This gem is using Cbc, an Integer Linear Programming Library, to provide optimization problems solving to ruby. With Ruby-Cbc, you can model you problem, solve it and find conflicts in case of infeasibility.

It uses the version 2.9.9 of Cbc, and requires the version 2.9.9 of gem cbc-wrapper.

Installation

Add this line to your application's Gemfile:

gem 'ruby-cbc'

And then execute:

$ bundle

Or install it yourself as:

$ gem install ruby-cbc

The gem includes a version of the Coin-Or Cbc library. If the system on which it is installed is not Linux 64bits, it downloads the library sources and recompiles them at installation.

It also works on Heroku.

Usage

# The same Brief Example as found in section 1.3 of 
# glpk-4.44/doc/glpk.pdf.
#
# maximize
#   z = 10 * x1 + 6 * x2 + 4 * x3
#
# subject to
#   p:      x1 +     x2 +     x3 <= 100
#   q: 10 * x1 + 4 * x2 + 5 * x3 <= 600
#   r:  2 * x1 + 2 * x2 + 6 * x3 <= 300
#
# where all variables are non-negative
#   x1 >= 0, x2 >= 0, x3 >= 0
#
m = Cbc::Model.new
x1, x2, x3 = m.int_var_array(3, 0..Cbc::INF)

m.maximize(10 * x1 + 6 * x2 + 4 * x3)

m.enforce(x1 + x2 + x3 <= 100)
m.enforce(10 * x1 + 4 * x2 + 5 * x3 <= 600)
m.enforce(2 * x1 + 2 * x2 + 6* x3 <= 300)

p = m.to_problem

p.solve

if ! p.proven_infeasible?
  puts "x1 = #{p.value_of(x1)}"
  puts "x2 = #{p.value_of(x2)}"
  puts "x3 = #{p.value_of(x3)}"
end

Modelling

Let's have a model :

model = Cbc::Model.new

The variables

3 variable kinds are available:

x = model.bin_var(name: "x")        # a binary variable (i.e. can take values 0 and 1)
y = model.int_var(L..U, name: "y")  # a integer variable, L <= y <= U
z = model.cont_var(L..U, name: "z") # a continuous variable, L <= z <= U

Name is optional and used only when displaying the model.

If you don't specify the range, the variables are free. You can also use Cbc::INF as the infinity bound.

Each one of these 3 kinds have also an array method that generate several variables. For instance to generate 3 positive integer variables named x, y and z :

x, y, z = model.int_var_array(3, 0..Cbc::INF, names: ["x", "y", "z"])

The constraints

You can enforce constraints:

model.enforce(x + y - z <= 10)

You are not restricted to usual linear programming rules when writing a constraint. Usually you would have to write x - y = 0 to express x = y. Ruby-Cbc allows you to put variables and constants on both sides of the comparison operator. You can write

model.enforce(x - y == 0)
model.enforce(x == y)
model.enforce(x + 2 == y + 2)
model.enforce(0 == x - y)

Ruby-Cbc allows you to name your constraints. Beware that their name is not an unique id. It is only a helper for human readability, and several constraints can share the same function name.

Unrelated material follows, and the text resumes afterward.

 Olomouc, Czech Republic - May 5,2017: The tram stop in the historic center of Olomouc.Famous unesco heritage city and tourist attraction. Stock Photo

model.enforce(my_function_name: x + y <= 50)
model.constraints.map(&:to_function_s) # => ["my_function_name(x, y)"]

Linear constraints are usually of the form

a1 * x1 + a2 * x2 + ... + an * xn <= C
a1 * x1 + a2 * x2 + ... + an * xn >= C
a1 * x1 + a2 * x2 + ... + an * xn == C

With Ruby-Cbc you can write

2 * (2 + 5 * x) + 4 * 5 + 1 == 1 + 4 * 5 * y

The (in)equation must still be a linear (in)equation, you cannot multiply two variables !

Objective

You can set the objective:

model.maximize(3 * x + 2 * y)
model.minimize(3 * x + 2 * y)

Displaying the model

the Model instances have a to_s method. You can then run

puts model

The model will be printed in LP format.

For instance:

Maximize
  + 10 x1 + 6 x2 + 4 x3

Subject To
  + x1 + x2 + x3 <= 100
  + 10 x1 + 4 x2 + 5 x3 <= 600
  + 2 x1 + 2 x2 + 6 x3 <= 300

Bounds
  0 <= x1 <= +inf
  0 <= x2 <= +inf
  0 <= x3 <= +inf

Generals
  x1
  x2
  x3

End

Solving

To solve the model, you need to first transform it to a problem.

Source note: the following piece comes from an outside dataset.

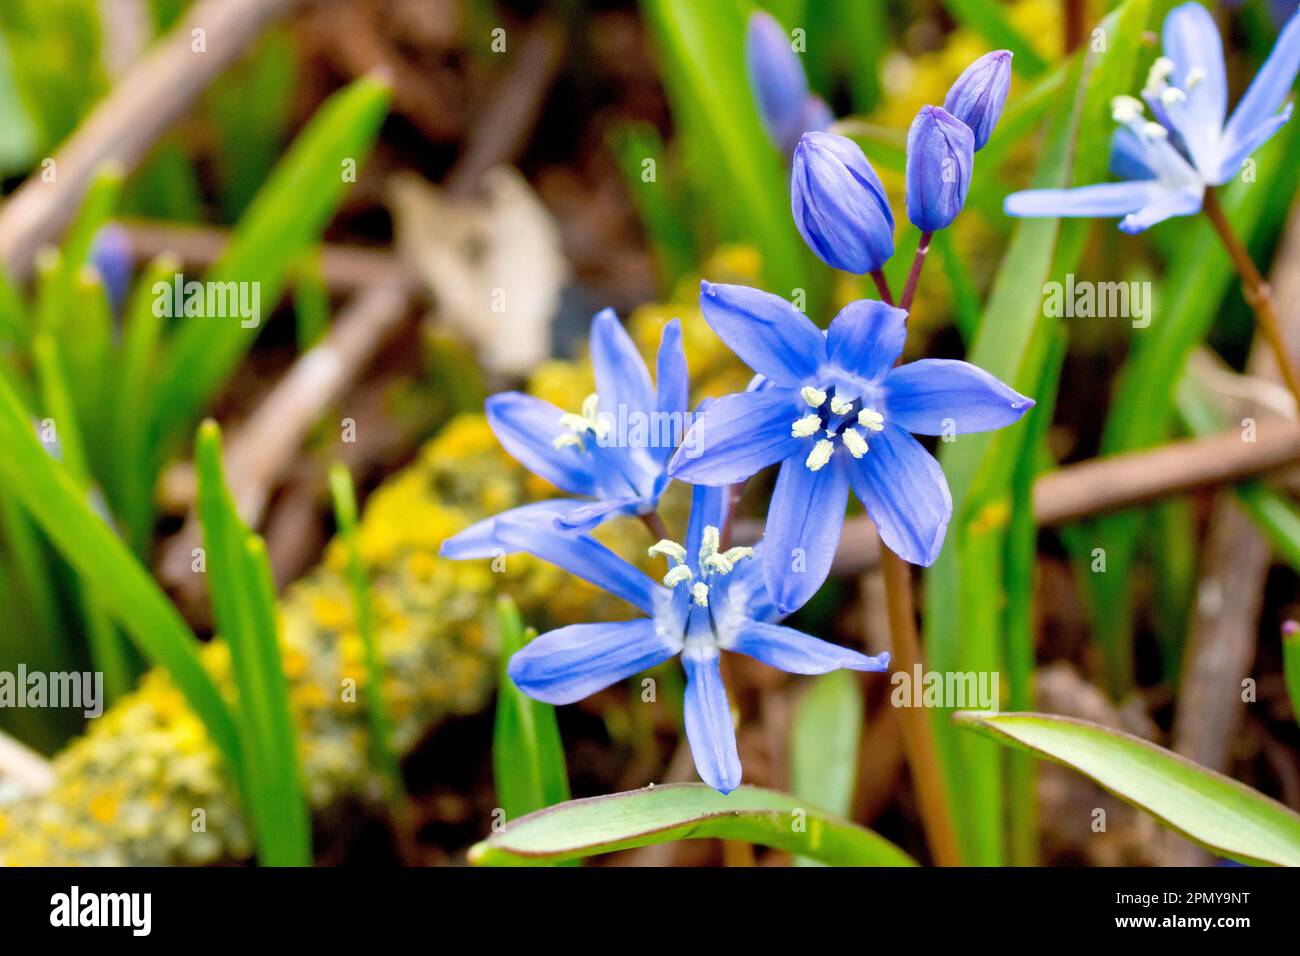 Spring Squill (scilla verna), close up of a group of the bright blue flowers commonly planted in gardens and found as escapees in the wild. Stock Photo

problem = model.to_problem

You can define a time limit to the resolution

problem.set_time_limit(nb_seconds)

You can solve the Linear Problem

problem.solve

You can specify arguments that match the cbc command line

problem.solve(sec: 60) # equivalent to $ cbc -sec 60
problem.solve(log: 1)  # equivalent to $ cbc -log 1

For more examples of available options, if coinor-cbc is installed run

$ cbc

then type ?

Once problem.solve has finished you can query the status:

problem.proven_infeasible?  # will tell you if the problem has no solution
problem.proven_optimal?     # will tell you if the problem is solved optimally
problem.time_limit_reached? # Will tell you if the solve timed out

To have the different values, do

problem.objective_value # Will tell you the value of the best objective
problem.best_bound      # Will tell you the best known bound
                        # if the bound equals the objective value, the problem is optimally solved
problem.value_of(var)   # will tell you the computed value or a variable

Finding conflicts

Sometimes a problem has no feasible solution. In this case, one may wonder what is the minimum subset of conflicting inequations. For this prupose, you can use

problem.find_conflict      # Will return an array of constraints that form an unsatifiable set
problem.find_conflict_vars # Will return all variables involved in the unsatisfiable minimum set of constraints

It finds a minimum subset of constraints that make the problem unsatisfiable. Note that there could be several of them, but the solver only computes the first one it finds. Note also that it does so by solving several instances of relaxed versions of the problem. It might take some time! It is based on QuickXplain (http://dl.acm.org/citation.cfm?id=1597177).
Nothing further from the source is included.